=== Begin Enclosure ===

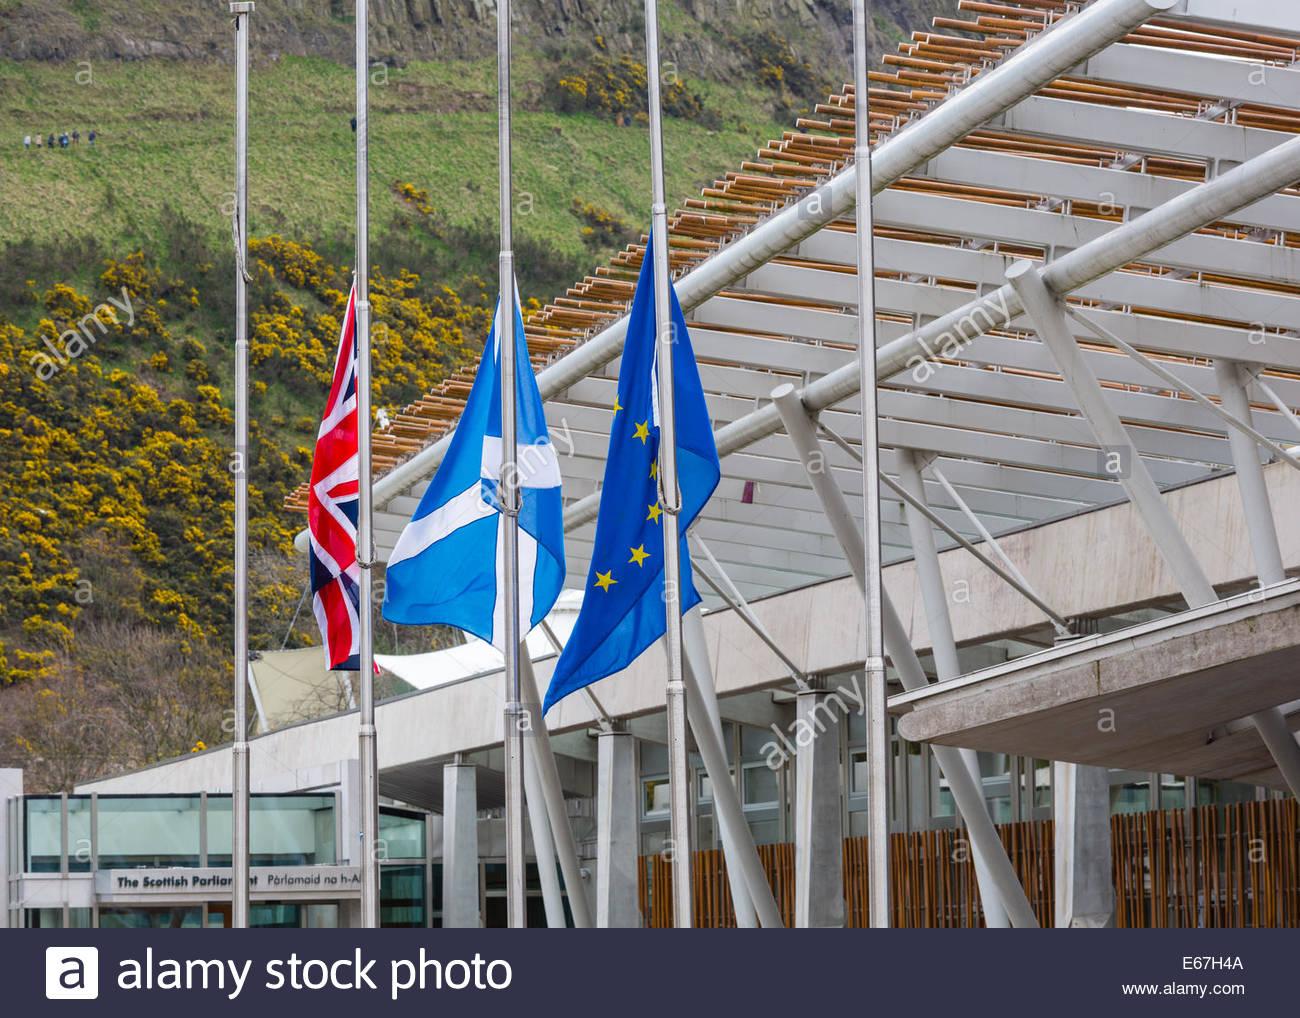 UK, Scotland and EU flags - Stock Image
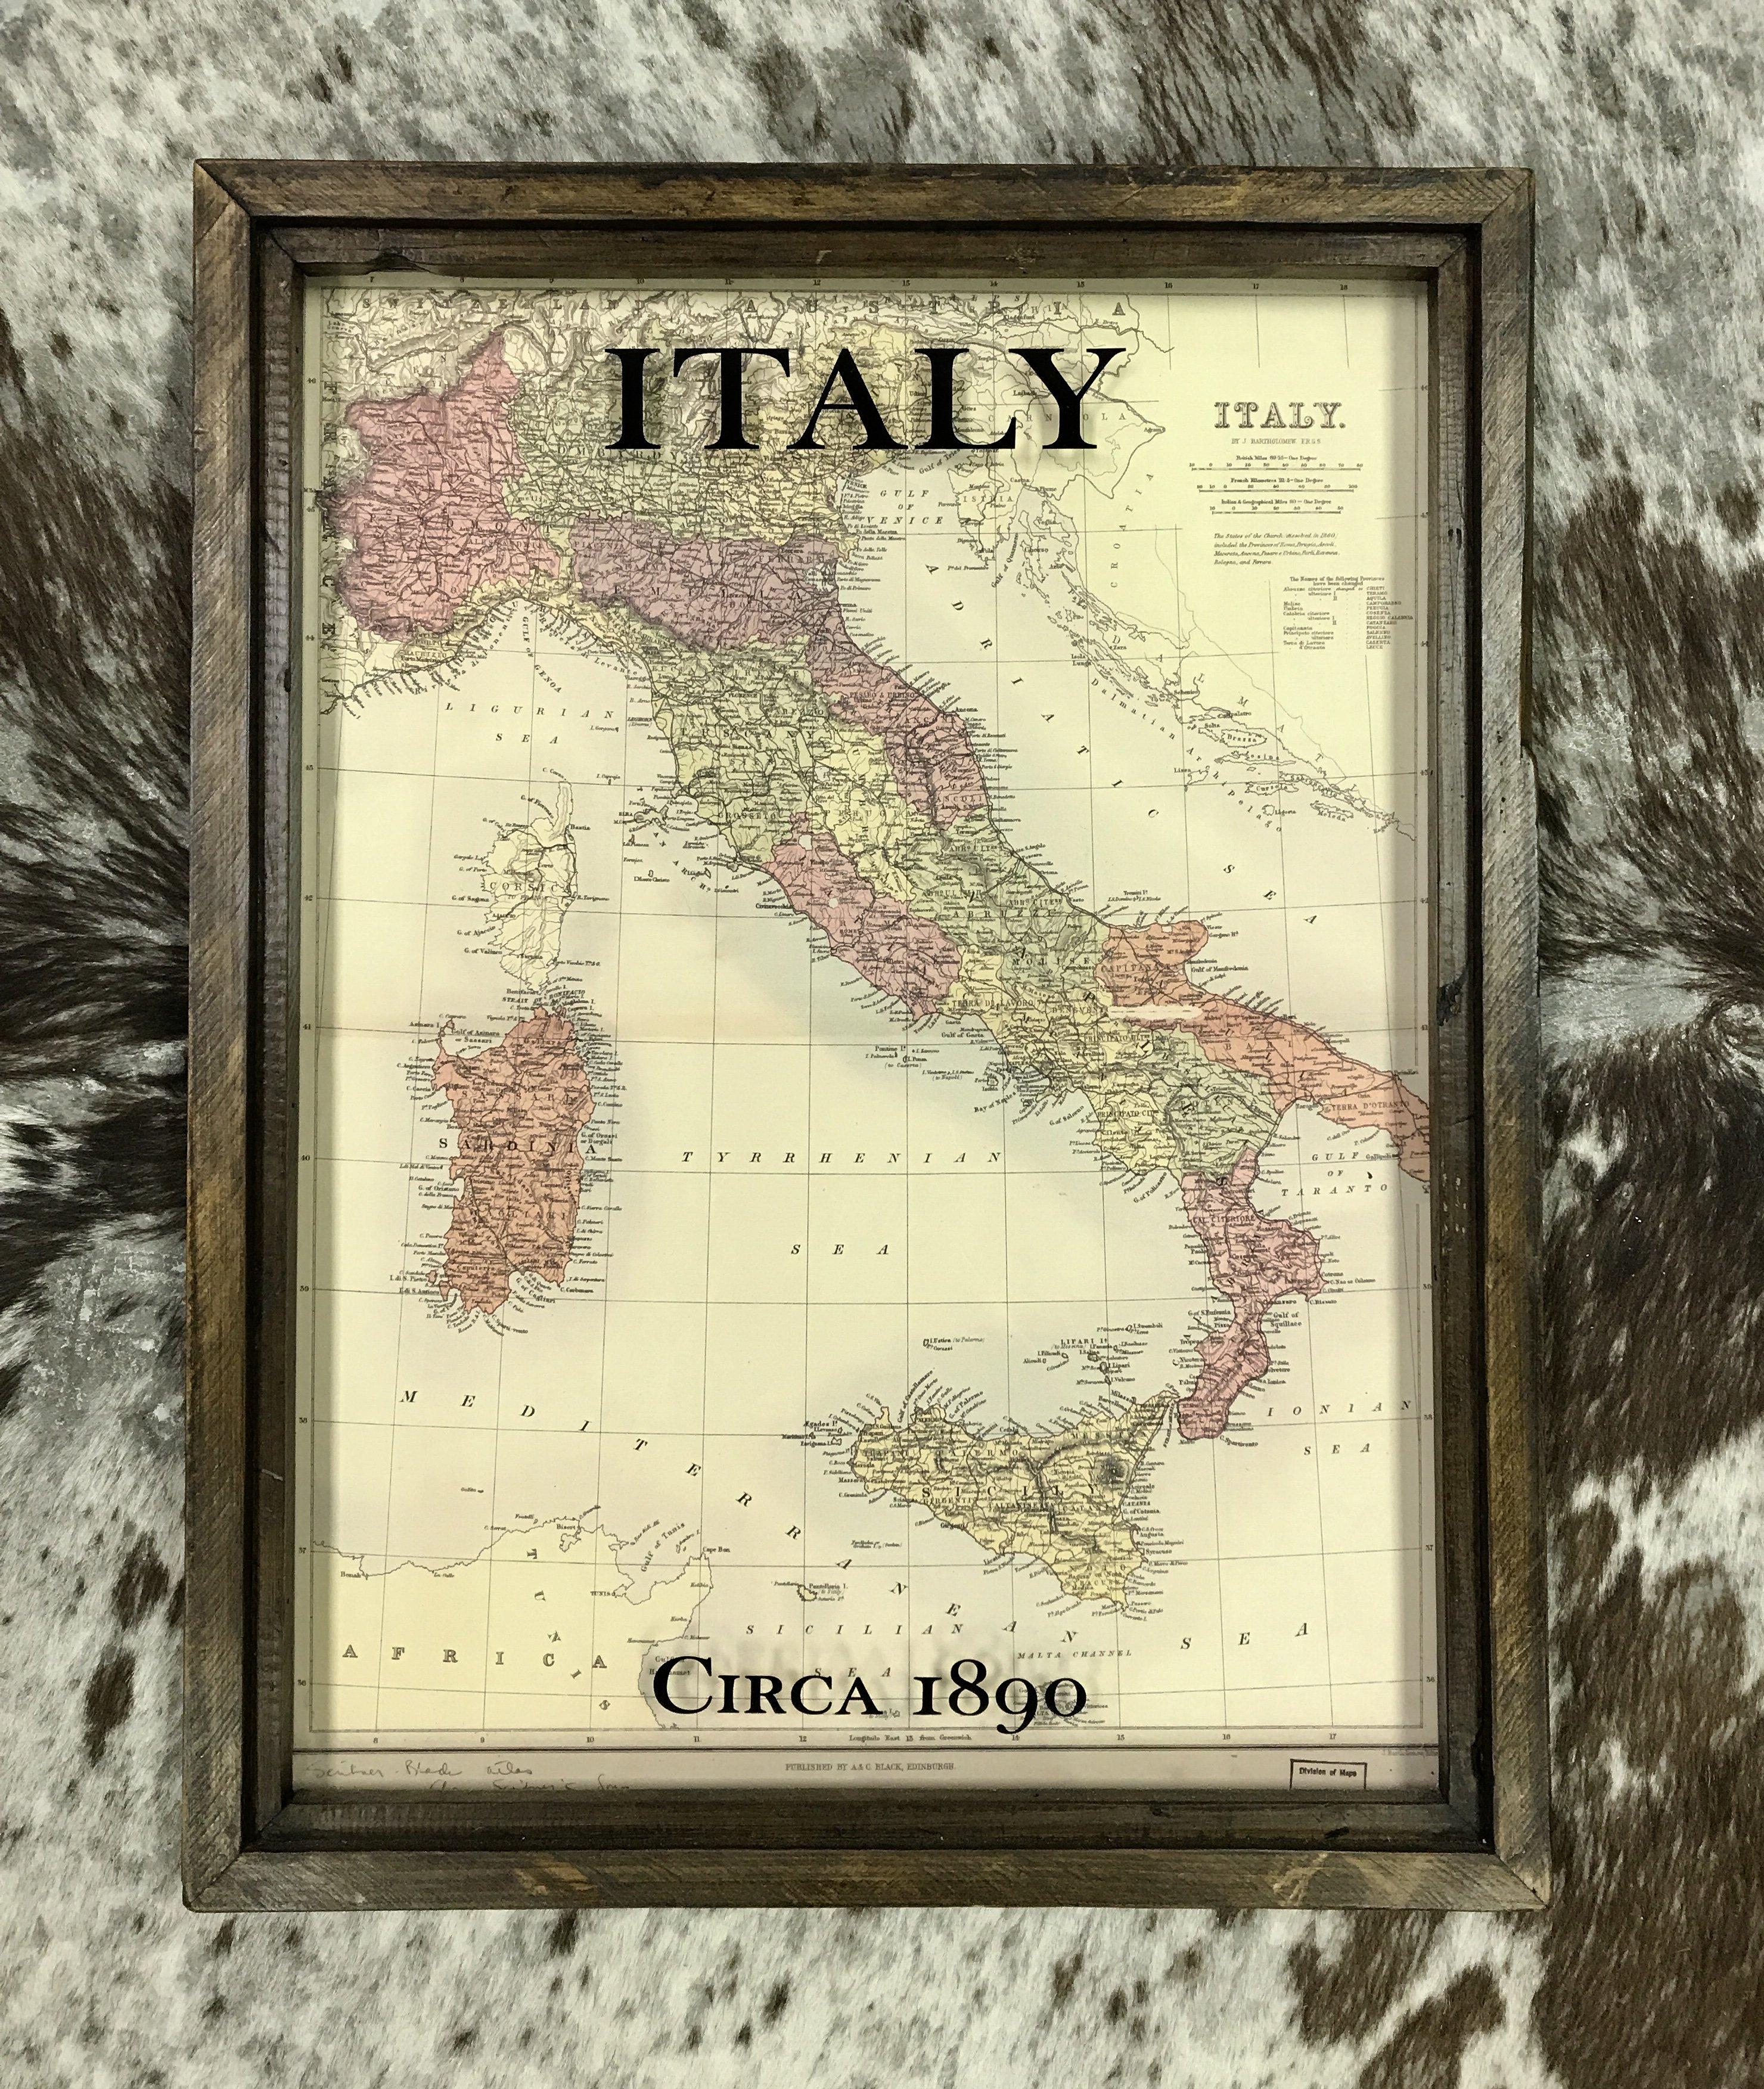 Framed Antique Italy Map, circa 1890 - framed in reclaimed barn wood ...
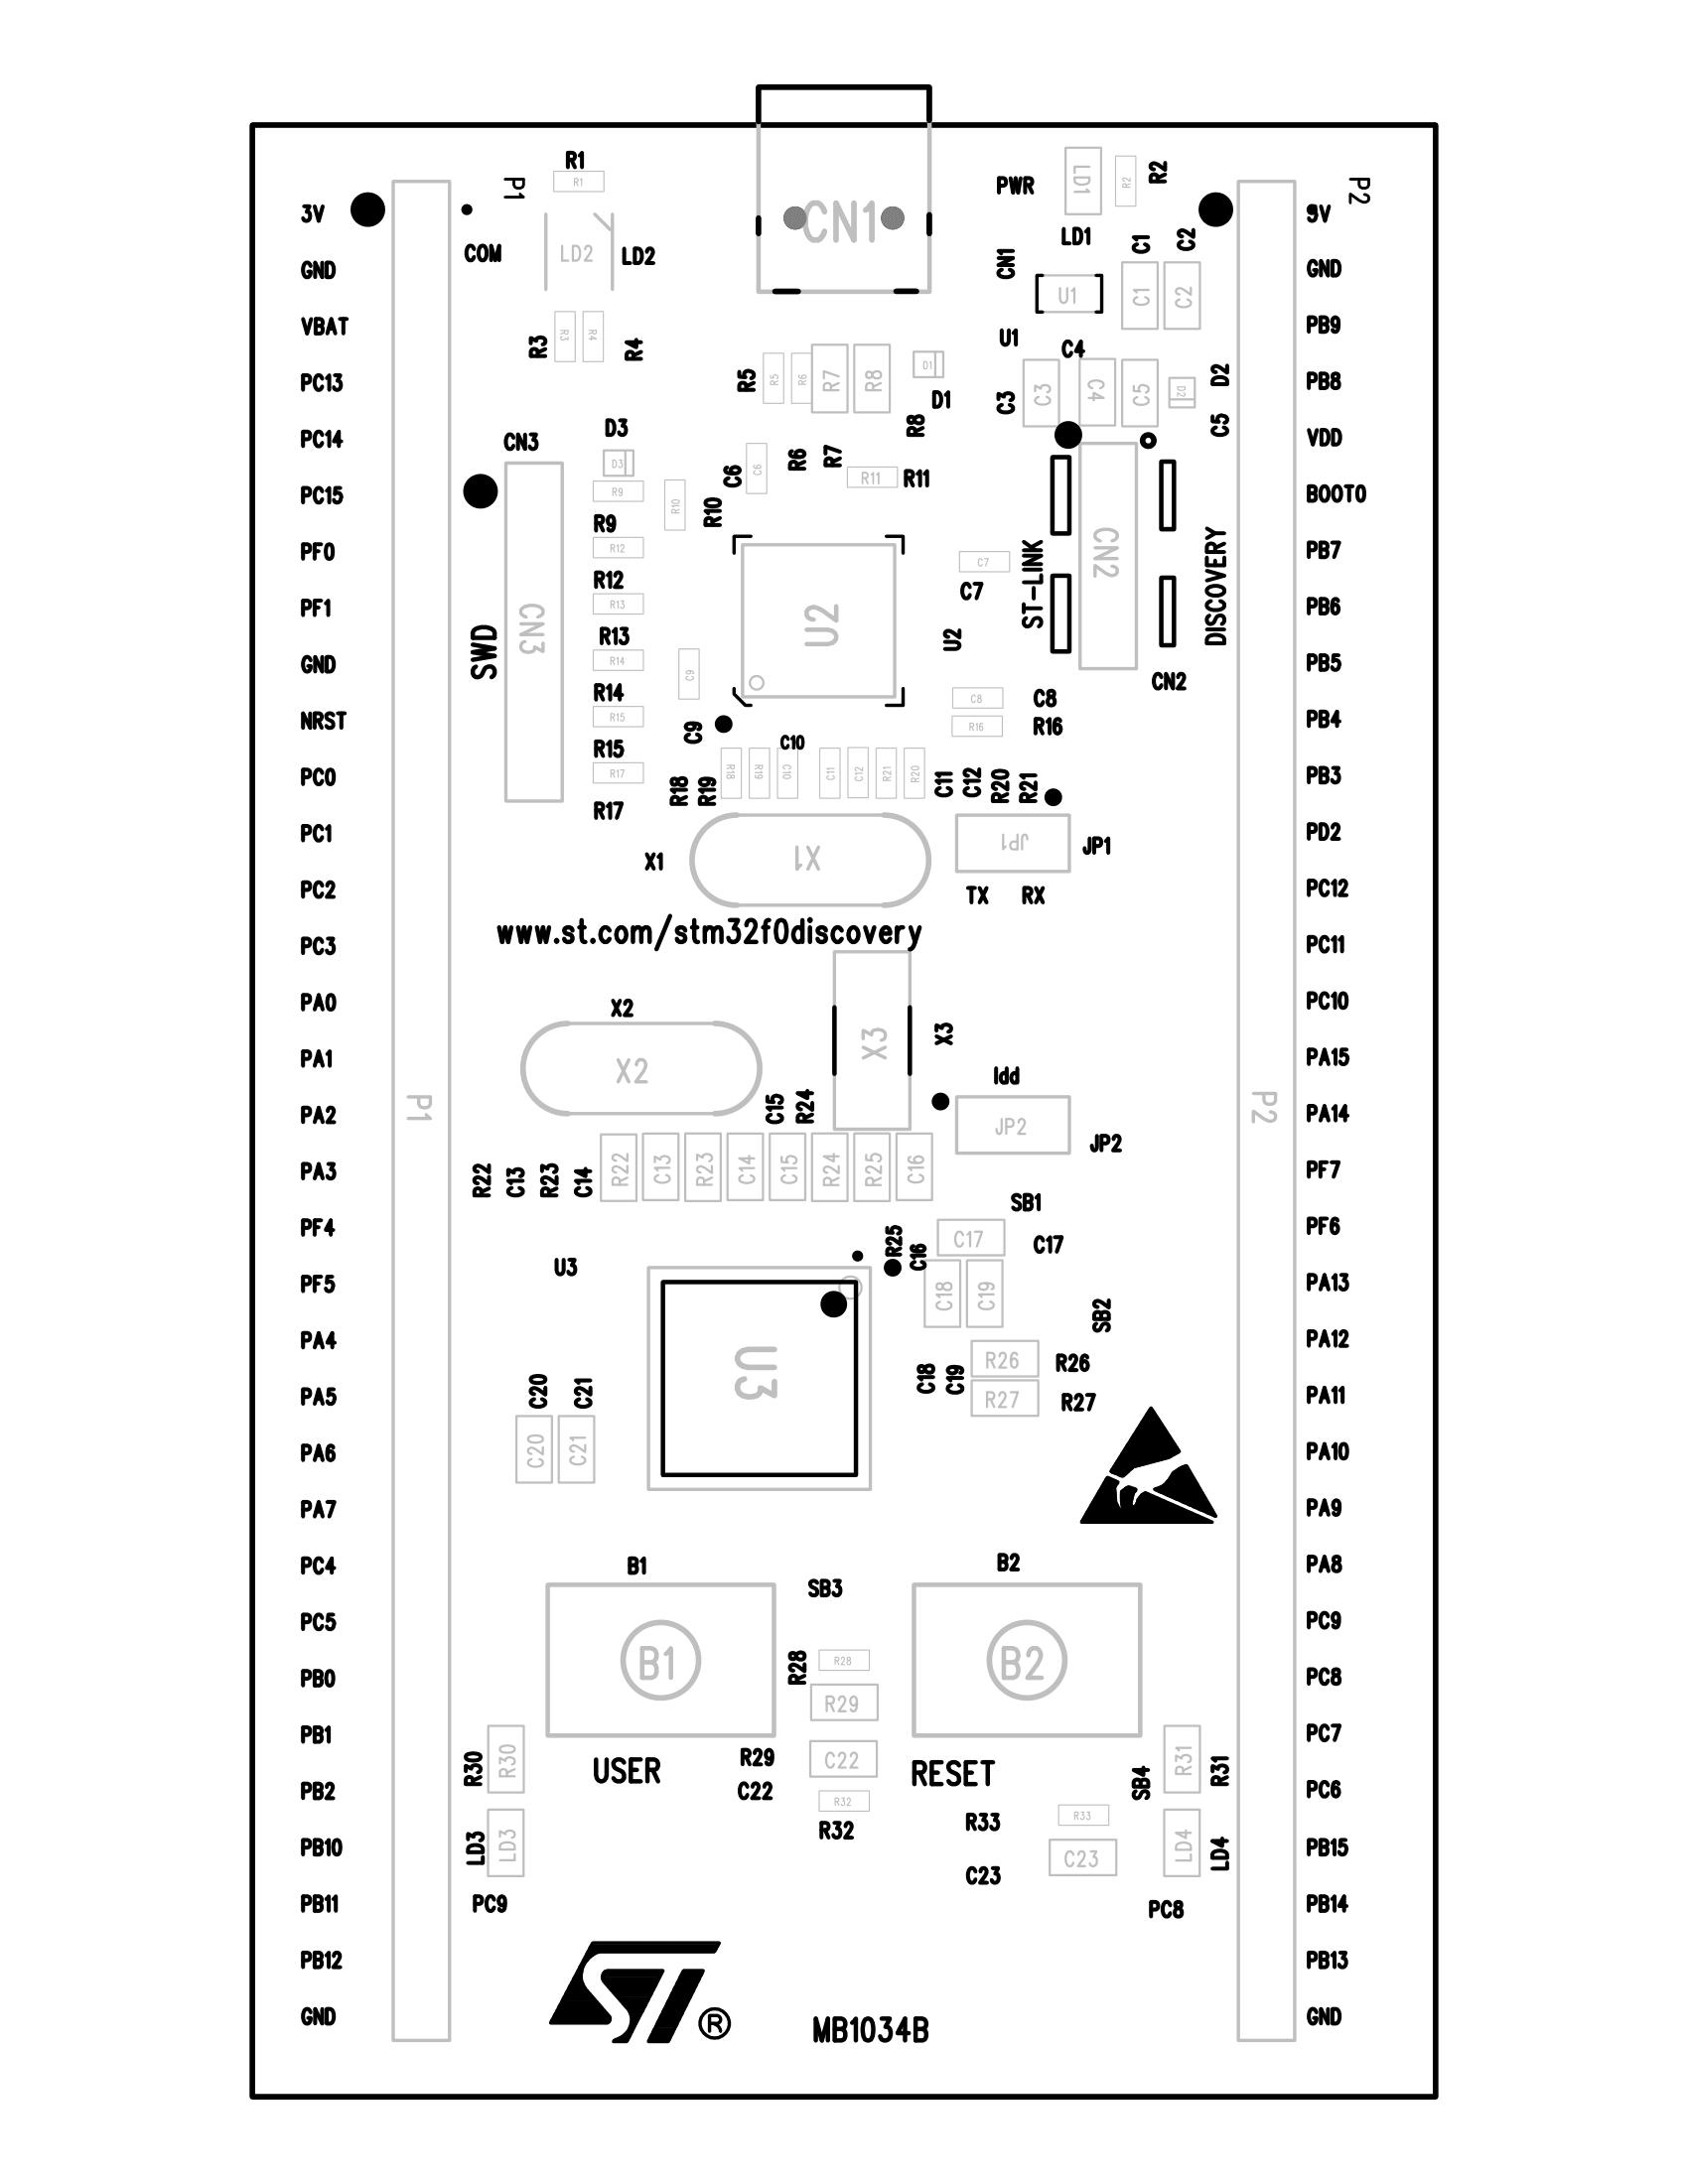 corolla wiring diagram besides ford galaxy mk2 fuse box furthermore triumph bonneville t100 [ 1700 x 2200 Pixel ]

=== End Enclosure ===

*Exercise prompt*:
For this exercise, transcribe the data exactly but without its pictures.

*Solution below*:
 UK, Scotland and EU flags - Stock Image
 Framed Antique Italy Map, circa 1890 - framed in reclaimed barn wood ...
 corolla wiring diagram besides ford galaxy mk2 fuse box furthermore triumph bonneville t100 [ 1700 x 2200 Pixel ]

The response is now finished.